Dans Au secours pardon, suite au célèbre 99 Francs, le personnage désormais quadragénaire, Octave Parango, ex-publicitaire et ancien animateur de télévision, passé brièvement par la case prison, double romanesque de son créateur, est de retour. L’homme a fait table rase : retiré de la publicité, il a quitté Paris pour Moscou, terre de toutes les libertés consuméristes – boîtes de nuit, concours de beauté trafiqués, séances de photos libidineuses, soirées orgiaques dans la résidence d’un oligarque. Devenu « fashiste » – néologisme regroupant les mots fashion et fascisme – la dictature des apparences ont force de loi, en plaçant la beauté physique  – allure blonde et pommettes saillantes – au-dessus de tout, il arpente cette fois la Russie de long en large afin de dénicher « La Fille », le modèle appelé à devenir la nouvelle égérie de la plus grande marque mondiale de cosmétiques, celle qui représentera « La Femme » unique, celle qui représentera trois milliards de femmes et leur donnera envie d’acheter crèmes de jouvence et maquillage. Employé d’une grande agence de mannequin, le voici donc « talent scout » à la recherche du nouveau visage pour le marketing du leader mondial des cosmétiques, L’Idéal. Ce nouvel emploi coïncide avec le quarantième anniversaire d’Octave qui, selon lui, l’aurait fait « devenir fou ». Car les démons parisiens d’Octave ne l’ont pas quitté, et se sont même accrus. Il est toujours accro à l’argent, au sexe, et à la drogue.
C’est par hasard qu’Octave rencontre en Russie le père orthodoxe Ierokhpromandrit, qu’il a connu à Paris. Il entame avec lui une longue confession. Alors que l’homme de la mode organise un grand concours de beauté, l’homme de foi lui donne les coordonnées de Lena Doytcheva, une beauté de quatorze ans souhaitant se lancer dans le mannequinât. Se définissant lui-même « serial heartbreaker », Octave, chercheur perdu parlant souvent de GPS, finit par tomber totalement amoureux de son double féminin à la jeunesse insolente, relation aux effets forcément dévastateurs. Il sombrera dans la démence lorsque la demoiselle l’abandonnera.

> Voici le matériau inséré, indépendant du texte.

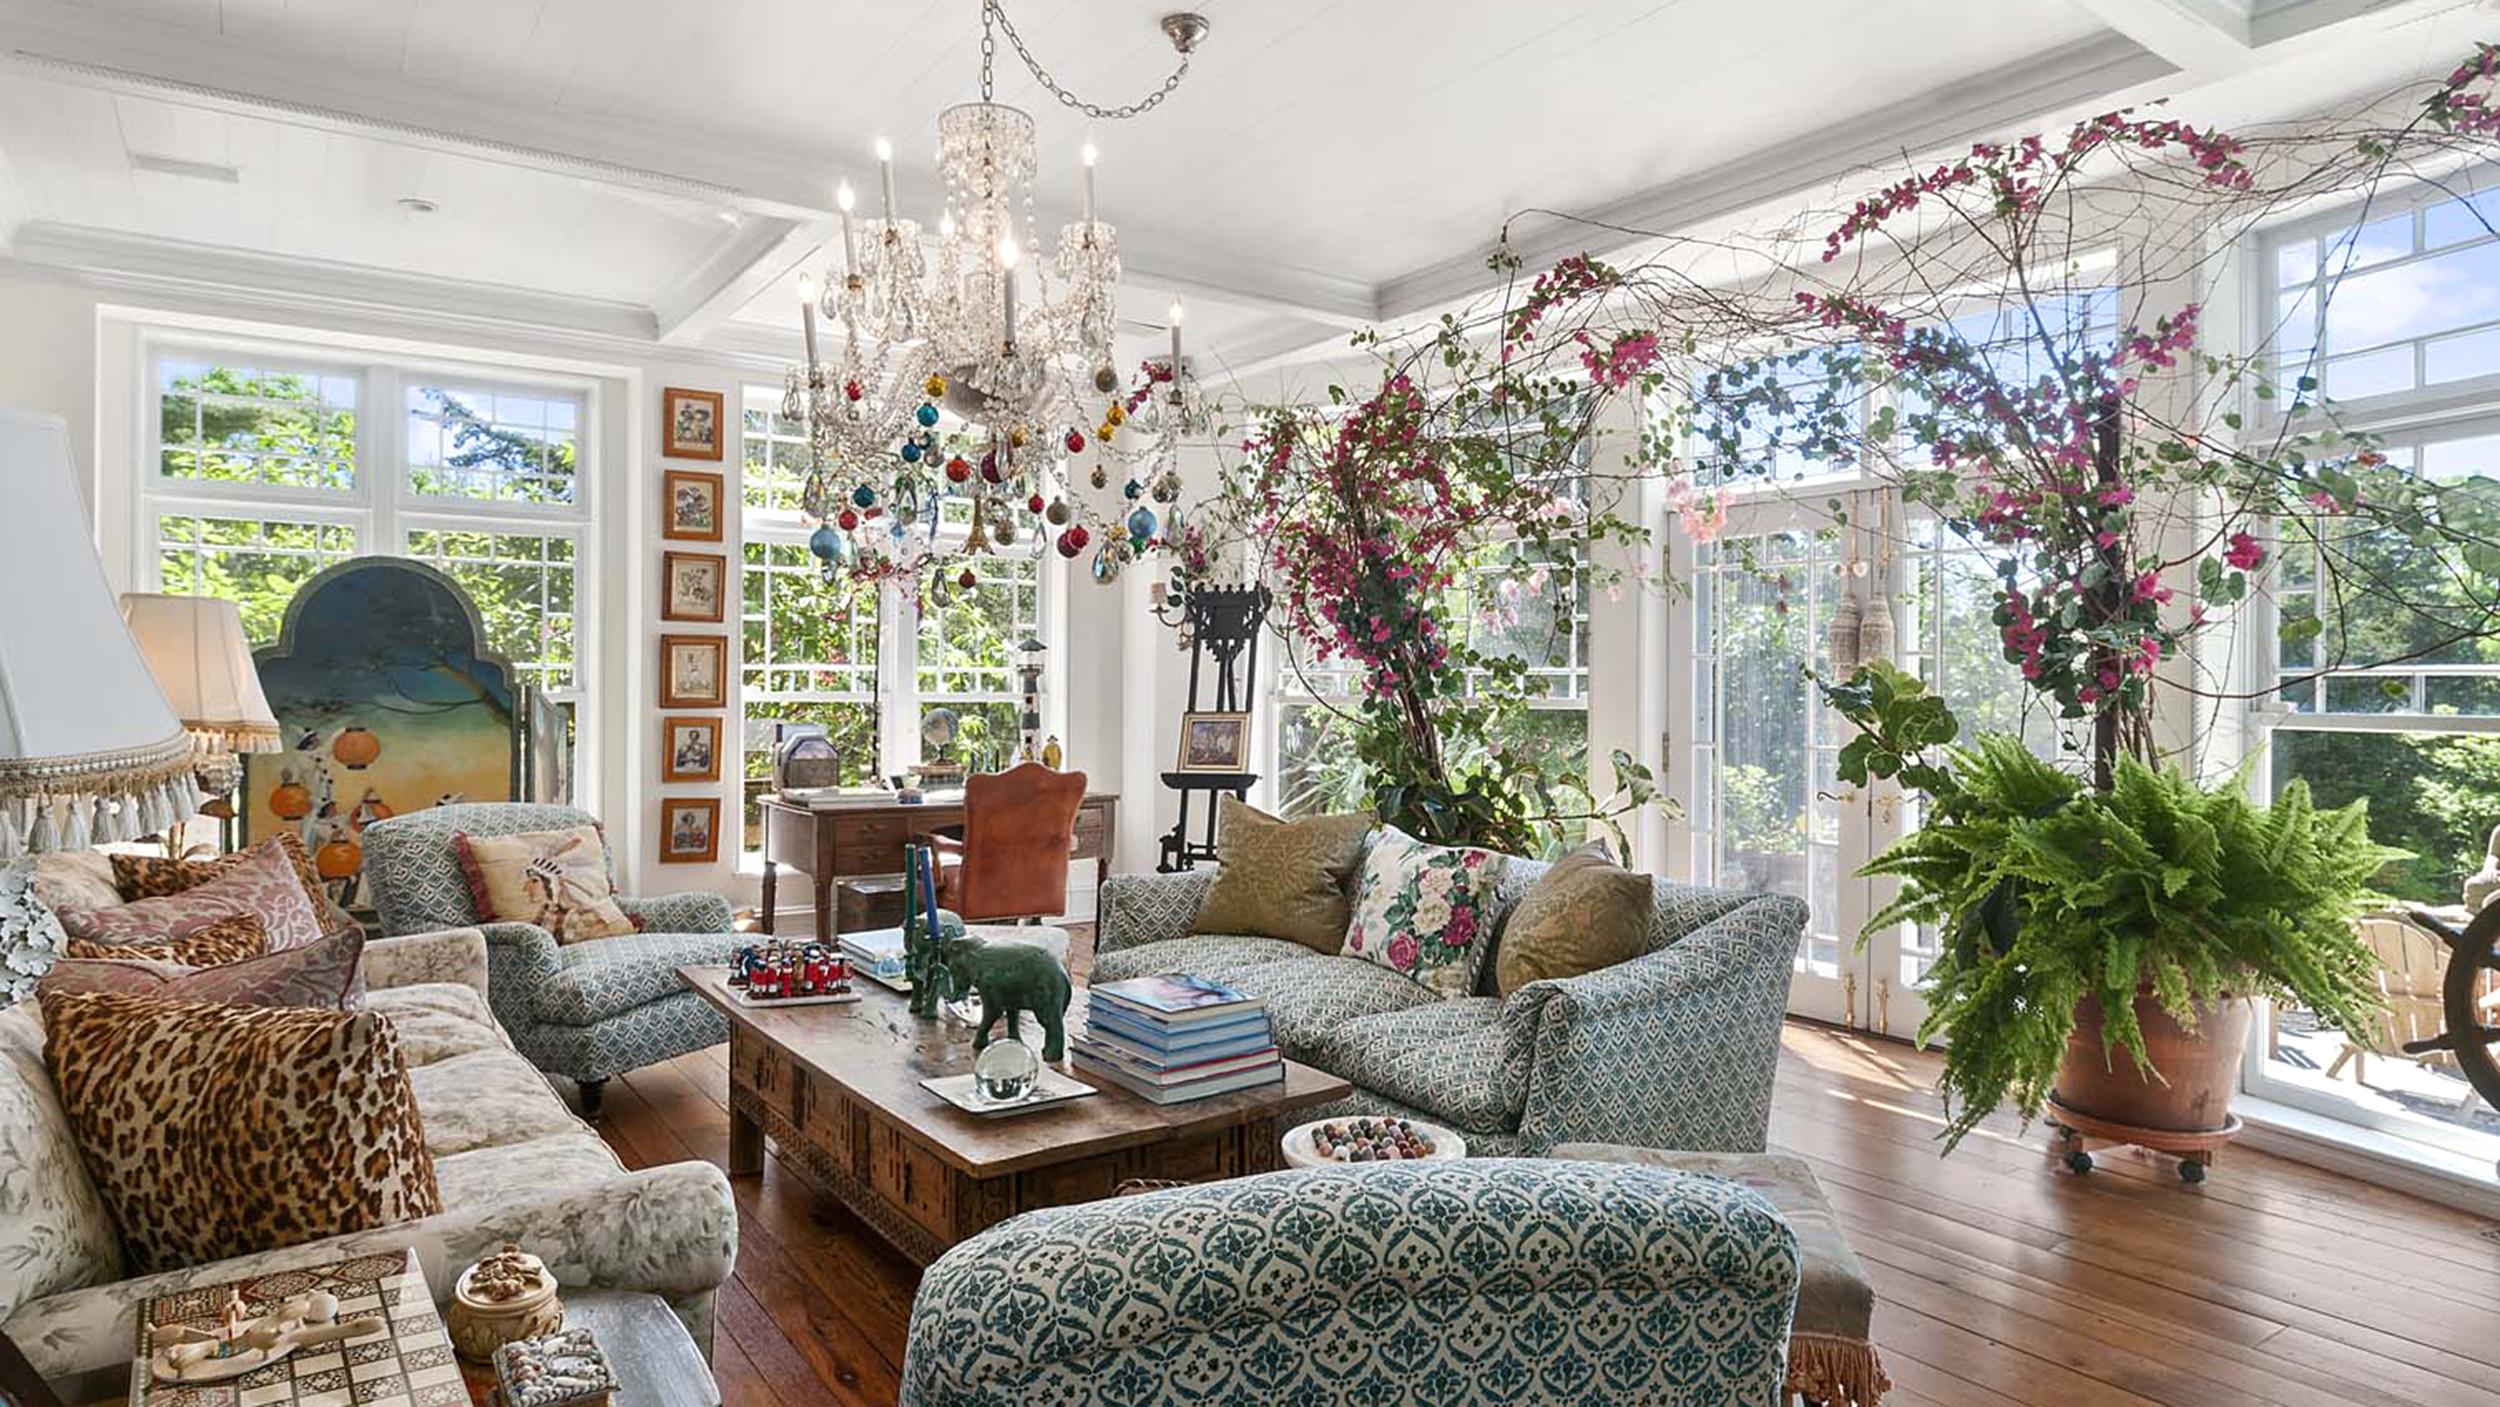 Christie Brinkley is selling her Hamptons estate  see inside  TODAYcom

Dans ses bagages, il emporte Dostoïevski, Tourgueniev, Nabokov, Boulgakov qui « parlaient français » et leurs fulgurances littéraires dont il semble ne jamais pouvoir se séparer. Avec Léna, ils déambulent chastement dans le jardin d’été, à l’endroit où Pouchkine venait lire, visitent l’appartement où Dostoïevski a écrit les « frères Karamazov ». Octave connaît et récite avec talent les grands auteurs russes en pleurant devant les filles dont il entame la séduction. Il sanglote à volonté, à l’inverse « des garçons russes qui ne pleurent pas sauf au service militaire », et peut donc jouer les romantiques transis d’amour.

Dans un pays post soviétique devenu amnésique depuis ses crimes impunis, le narrateur dénonce d’une juste manière, bien qu’il y contribue, le fashisme de la mode et la marchandisation des Êtres humains – surtout du genre féminin, mais aussi l’exploitation du désir masculin – le jeunisme forcené (et ses corollaires, pédophilie, inceste, terrorisme, guerre des sexes. Il conte son histoire nettement scénaristique où il évolue dans une nouvelle Russie – gouvernée par un capitalisme sauvage – en proie aux acteurs de la corruption. Dans ce règne aryen de l’oligarchie et des pétrodollars où les scènes de torture sexuelles sont violentes, tout – s’il ne l’était au départ – devient affaire de pouvoir, d’argent, de pornographie. Selon Octave, la liberté nouvellement conquise, s’est manifestement acquise trop vite ou trop mal.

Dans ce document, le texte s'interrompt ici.